State Key Laboratory of Bioelectronics, National Demonstration Center for Experimental Biomedical Engineering Education, School of Biological Science and Medical Engineering, Southeast University, Nanjing 210096, China.
Department of Systems Biology, The University of Texas MD Anderson Cancer Center, Houston, TX 77030, USA.
Int J Mol Sci. 2021 May 8;22(9):5008. doi: 10.3390/ijms22095008.
Nucleotide excision repair (NER) resolves DNA adducts, such as those caused by ultraviolet light. Deficient NER (dNER) results in a higher mutation rate that can predispose to cancer development and premature ageing phenotypes. Here, we used isogenic dNER model cell lines to establish a gene expression signature that can accurately predict functional NER capacity in both cell lines and patient samples. Critically, none of the identified NER deficient cell lines harbored mutations in any NER genes, suggesting that the prevalence of NER defects may currently be underestimated. Identification of compounds that induce the dNER gene expression signature led to the discovery that NER can be functionally impaired by GSK3 inhibition, leading to synergy when combined with cisplatin treatment. Furthermore, we predicted and validated multiple novel drugs that are synthetically lethal with NER defects using the dNER gene signature as a drug discovery platform. Taken together, our work provides a dynamic predictor of NER function that may be applied for therapeutic stratification as well as development of novel biological insights in human tumors.

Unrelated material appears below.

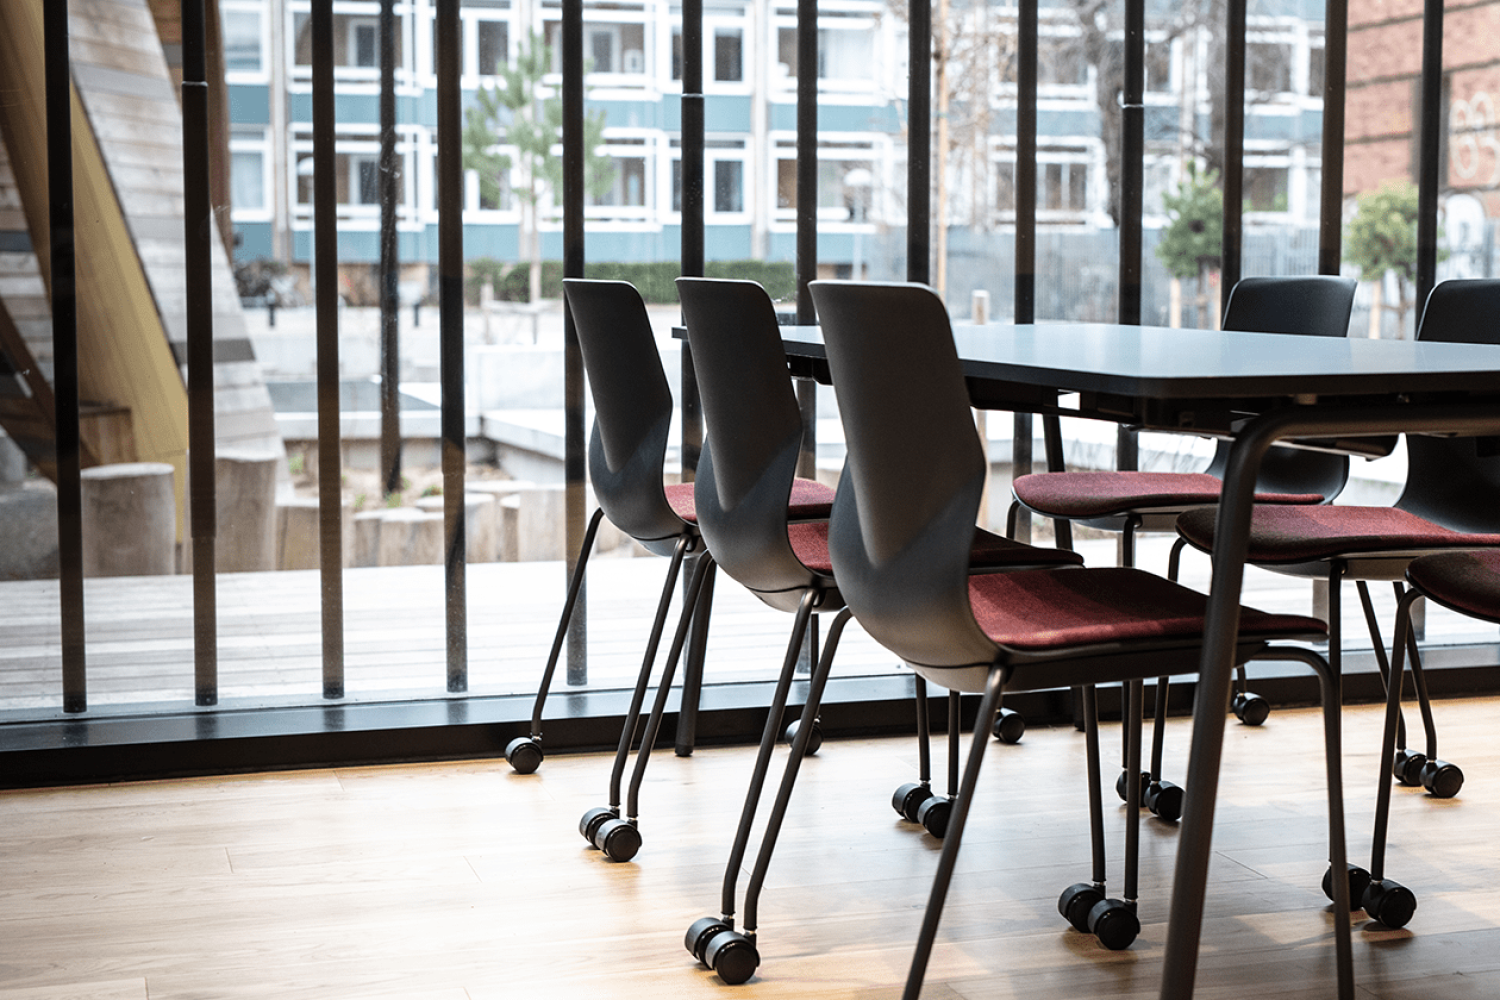 Canteen furniture including black table and chairs in a dining room.

核苷酸切除修复 (NER) 可解决 DNA 加合物,如紫外线引起的加合物。NER 缺陷 (dNER) 会导致更高的突变率,从而导致癌症发展和早衰表型。在这里,我们使用同基因 dNER 模型细胞系建立了一个基因表达特征,可以准确预测细胞系和患者样本中功能性 NER 能力。至关重要的是,没有一个鉴定出的 NER 缺陷细胞系在任何 NER 基因中存在突变,这表明 NER 缺陷的流行率可能目前被低估了。鉴定出能诱导 dNER 基因表达特征的化合物导致发现 GSK3 抑制可使 NER 功能受损,与顺铂联合治疗时会产生协同作用。此外,我们使用 dNER 基因特征作为药物发现平台,预测并验证了多种与 NER 缺陷具有合成致死性的新型药物。总之,我们的工作提供了一个 NER 功能的动态预测指标,可用于治疗分层以及开发人类肿瘤中的新生物学见解。